All lines from the opening of the material up to and including the line with "Cracked Old Tree" should be transcribed exactly, pictures excepted.

Available data section start

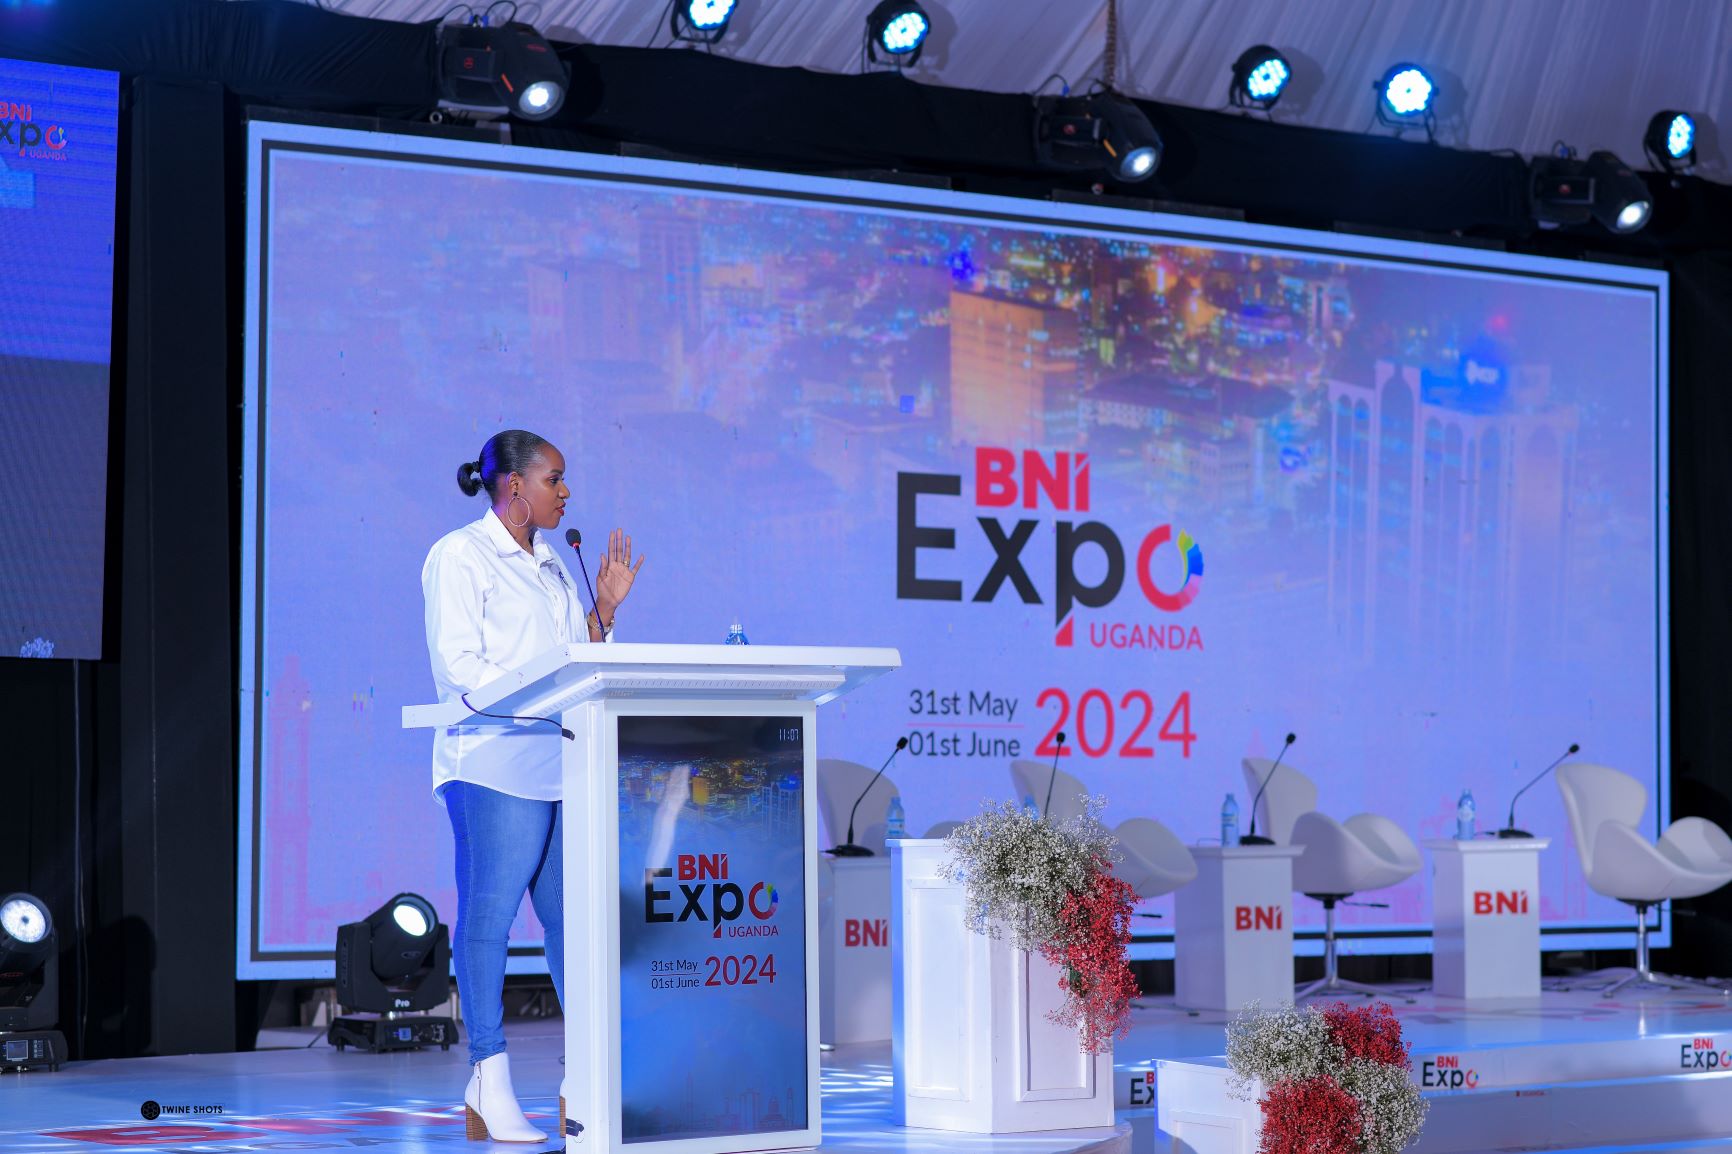 Uganda’s business community to reap benefit as BNI Expo opens
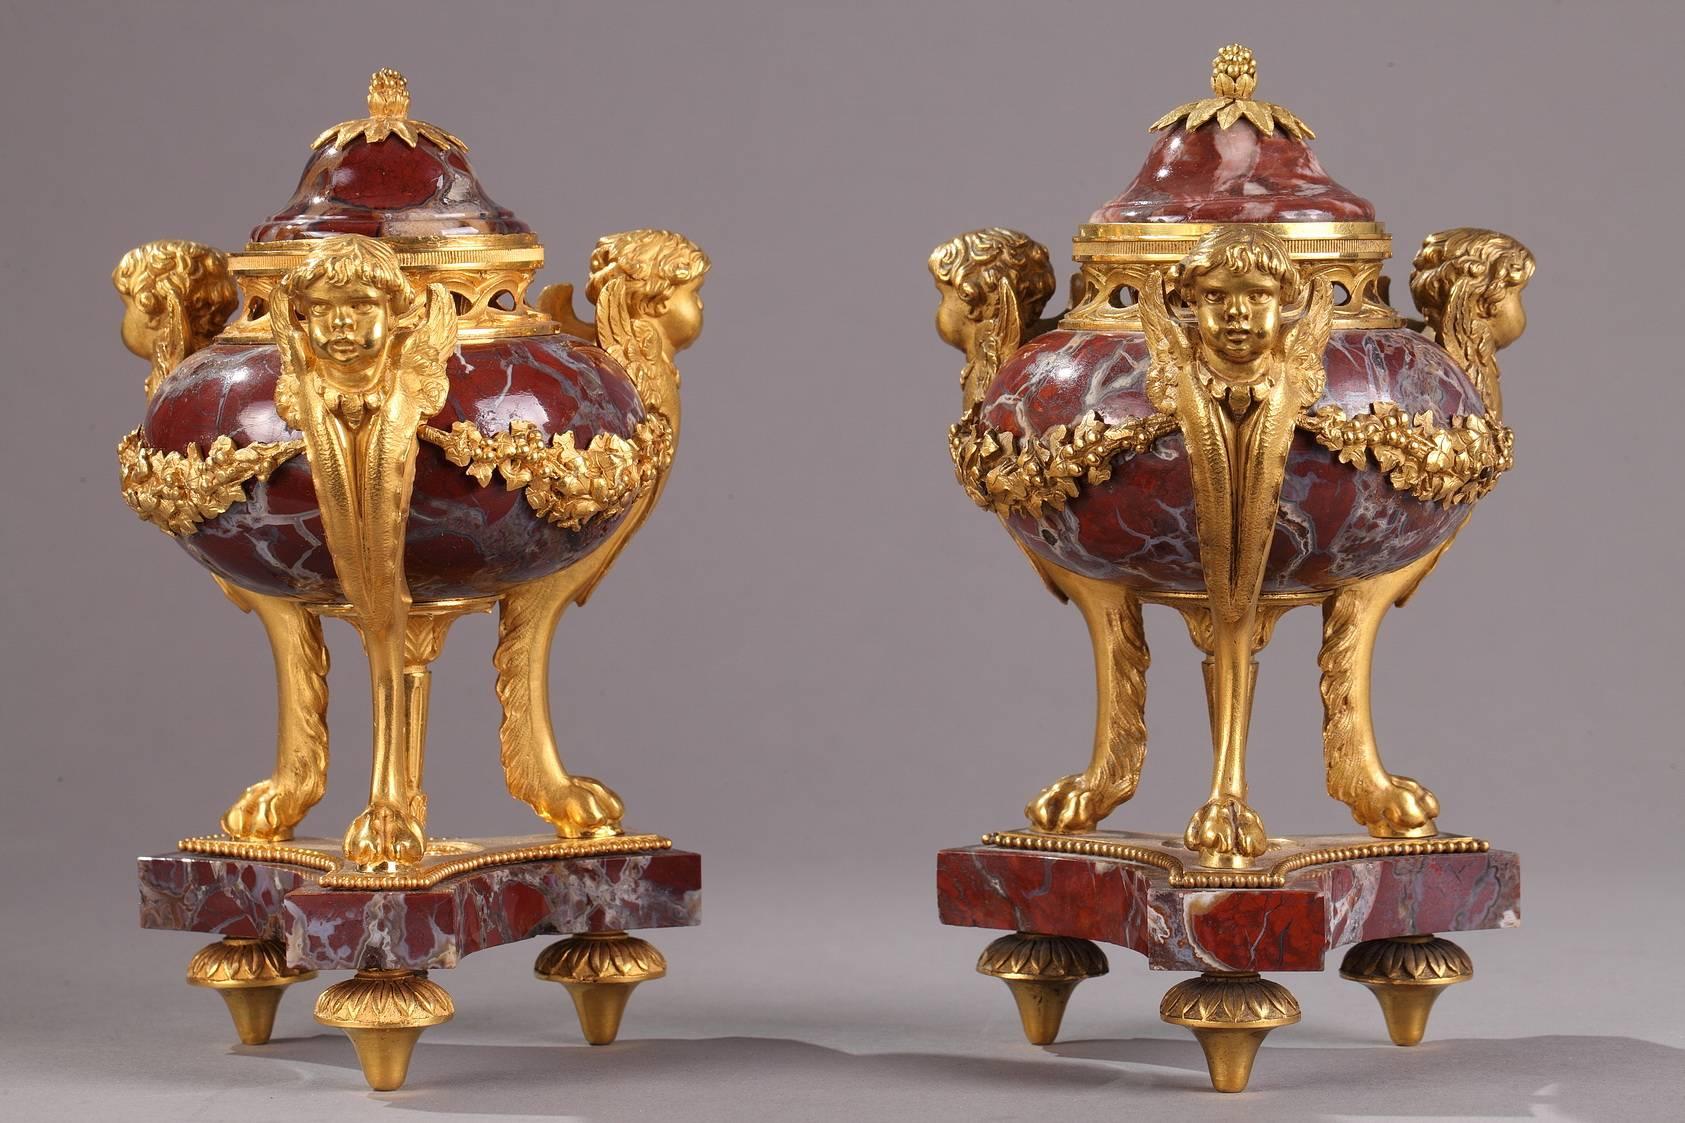 Pair of small, gourd-shaped incense burners in purple, Breche marble and gilt bronze. The bodies of the burners are decorated with alternating garlands and winged cupid heads. Each of the cupid's bodies tapers down to terminate in a clawed lion's
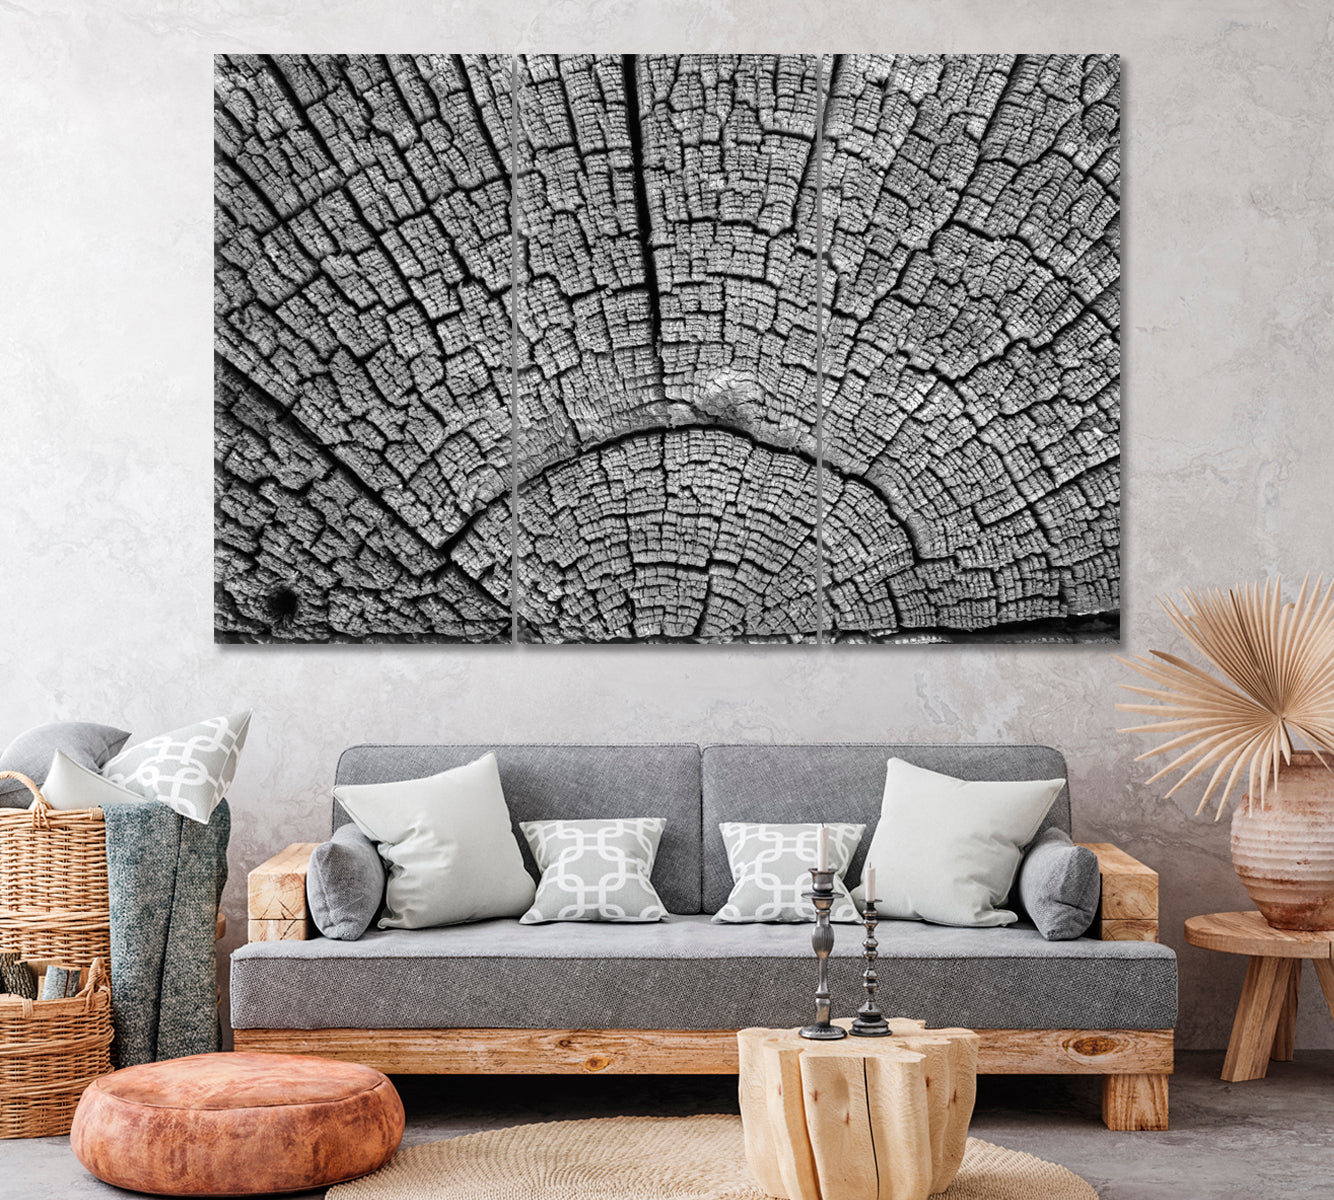 Cracked Old Tree Canvas Print ArtLexy 3 Panels 36"x24" inches 
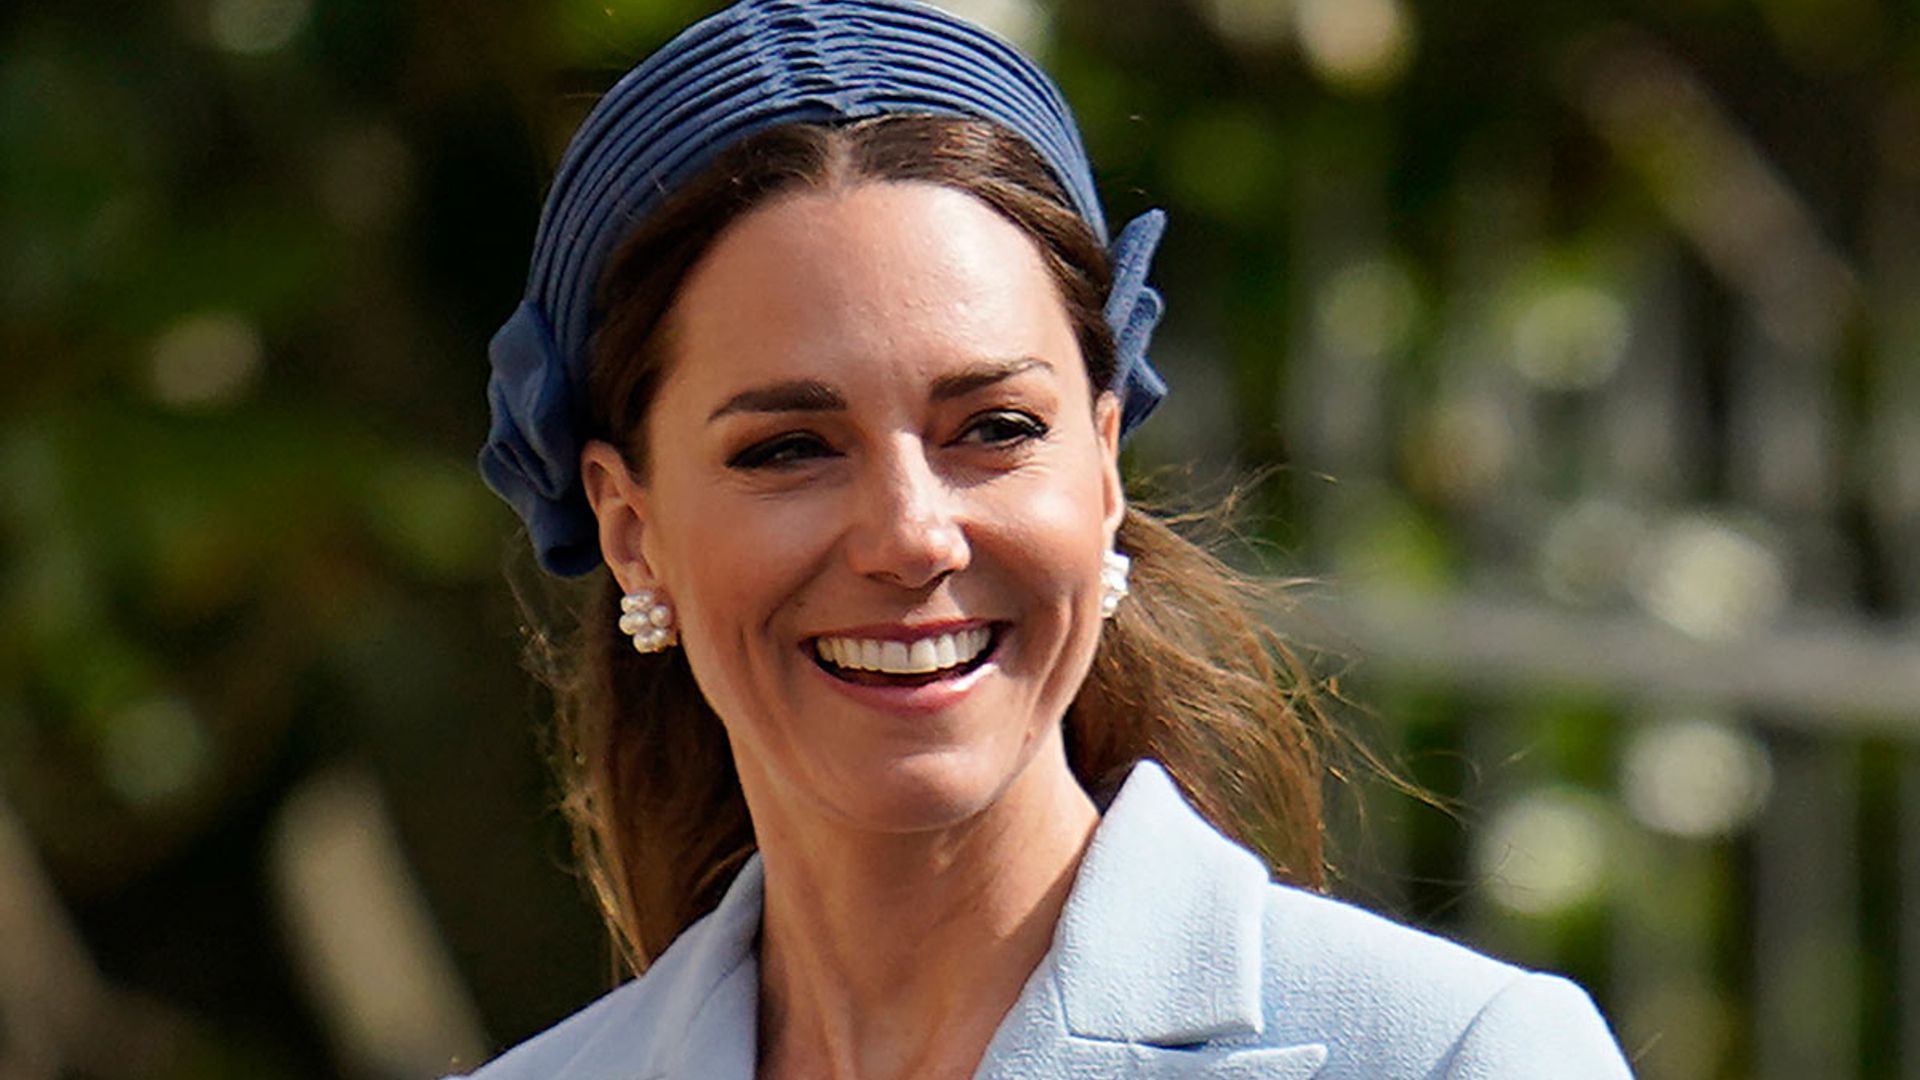 Kate Middleton and Princess Charlotte twin in beautiful blue outfits

Available data section end

[Exercise solution]
 Uganda’s business community to reap benefit as BNI Expo opens
 Pair of small, gourd-shaped incense burners in purple, Breche marble and gilt bronze. The bodies of the burners are decorated with alternating garlands and winged cupid heads. Each of the cupid's bodies tapers down to terminate in a clawed lion's
 Cracked Old Tree Canvas Print ArtLexy 3 Panels 36"x24" inches 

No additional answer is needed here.